# ABT's and First LOL cook - lessons learned



## dave from mesa (Mar 25, 2010)

Well did our first ever leg of lamb smoke. I boned it, first for this also. Marinated if for 2 days (1st mistake) in EVOO, S&P, kufta spice (middle eastern spice), rosemary and a bunch of garlic. 
Smoker at 225 (2nd mistake) and it cooked for 3 hrs.
In the mean time did up some ABT's. No after pics, sorry.

http://s10.photobucket.com/albums/a142/dmsjas/?action=view&current=IMG_0065.jpg

LOL ready to go in the smoker.

http://s10.photobucket.com/albums/a142/dmsjas/?action=view&current=IMG_0068.jpg

Finished and out of the smoker. Wrapped it in foil and rolled it up in a big blanket. Didn't have a cooler available so just put it on the counter.

http://s10.photobucket.com/albums/a142/dmsjas/?action=view&current=IMG_0069.jpg

Sliced and ready to go. Came out a little short of medium and real juicy.

http://s10.photobucket.com/albums/a142/dmsjas/?action=view&current=IMG_0072.jpg

Next time I am only going to use marinade for over night.
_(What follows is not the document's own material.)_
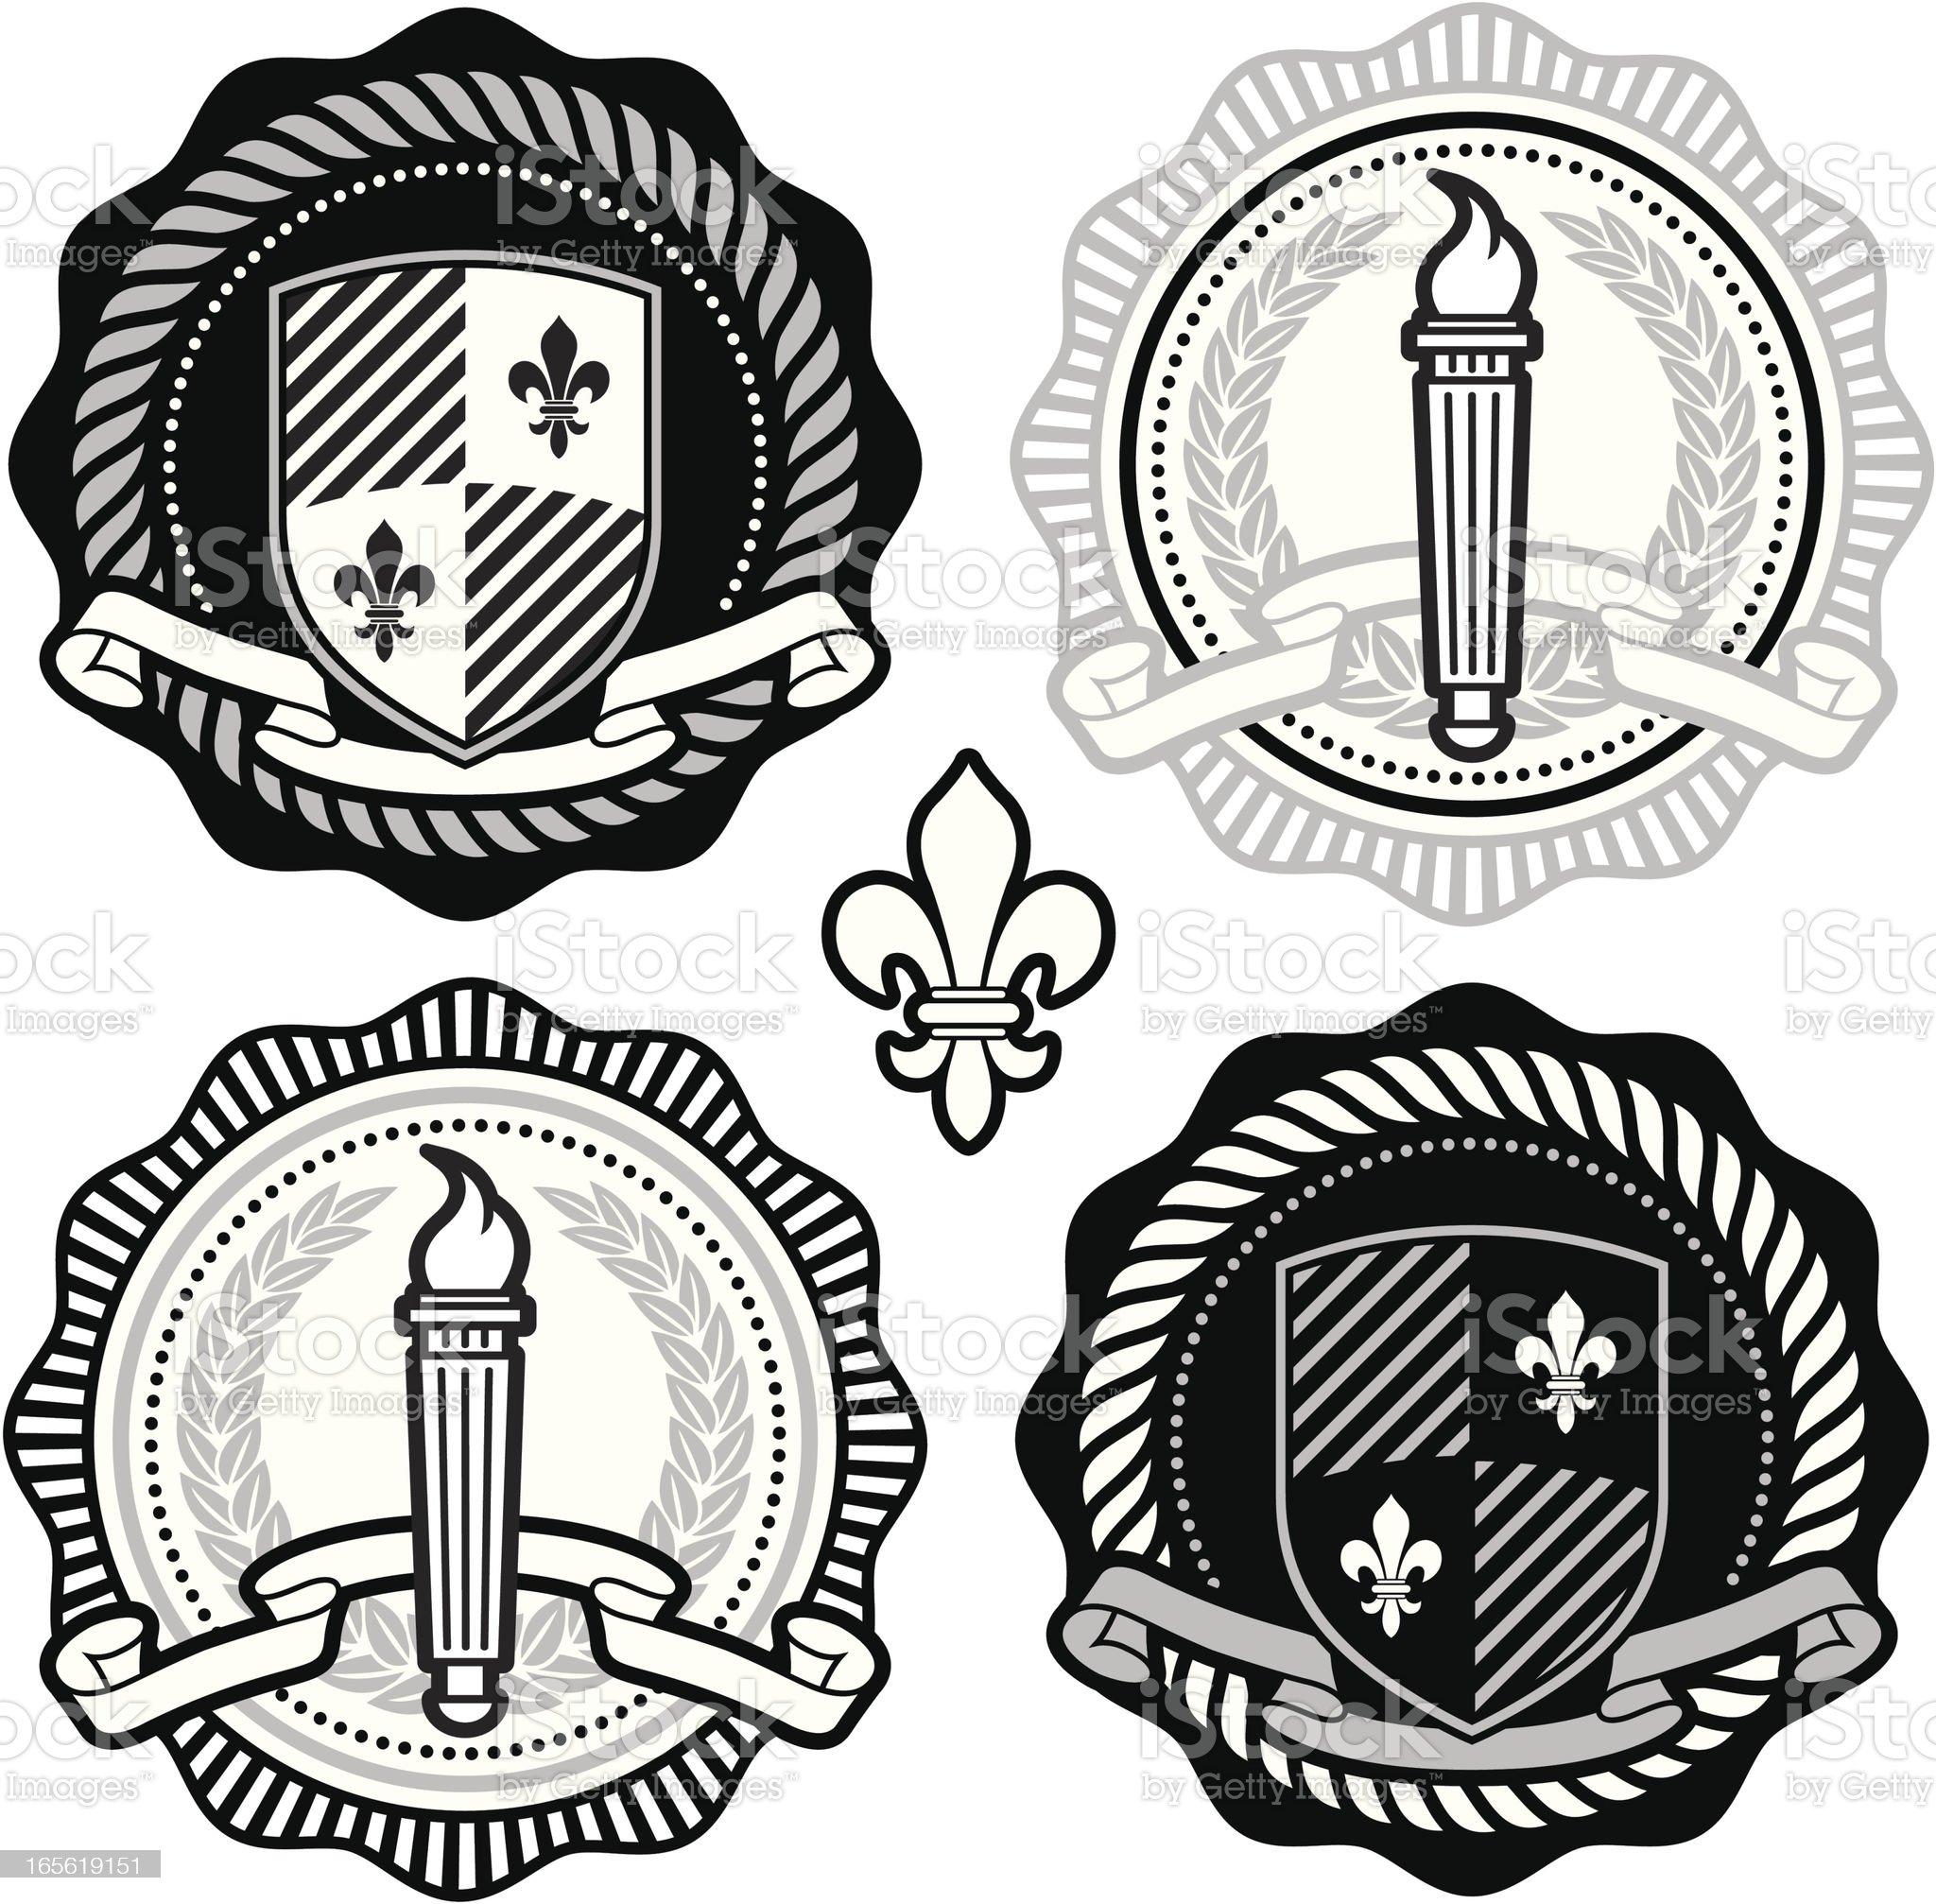 Collegiate seals royalty-free stock vector art

Meat seemed a little soft.
I will also cook it a a higher temp, maybe 250.
Friends that came for dinner are not big lamb fans but said I could make that for them anytime so I guess it wasn't too bad.

Well thanks for looking and any suggestions would be appreciated.


----------



## rdknb (Mar 25, 2010)

Well to me if the people eating it liked it then it was a job well done, so well done


----------



## smokin relaxin steve (Mar 25, 2010)

looks good to me... i have only done lamb on the rotisserie though... want to try it smoked sometime this summer...


----------



## roller (Mar 25, 2010)

I am not a big lamb eater, but that looks real good...


----------



## rbranstner (Mar 25, 2010)

I love lamb on my smoker!!!! Good job.


----------



## northern greenhorn (Mar 25, 2010)

Looks great, if they really don't like lamb, and said they'd eat it again, then you did something right


----------



## acemakr (Mar 25, 2010)

What NG said.....


----------



## chuckrinwv (Mar 25, 2010)

looks really good to me.  I haven't tried cooking lamb, can't say I have ate a lot of it.  but for some reason, I am thinking this weekend, I will be smoking some.  I see several recipes for marinates but no one mentions what flavor smoke.   

Any suggestions would be apreciated.   

Thanks in advance


----------



## dave from mesa (Mar 25, 2010)

I used Apple. 
Forgot to put that in my original post.


----------



## fire it up (Mar 25, 2010)

Looks good from here.
Thinking about picking up a leg, they are going on sale for $1.99lb tomorrow.


----------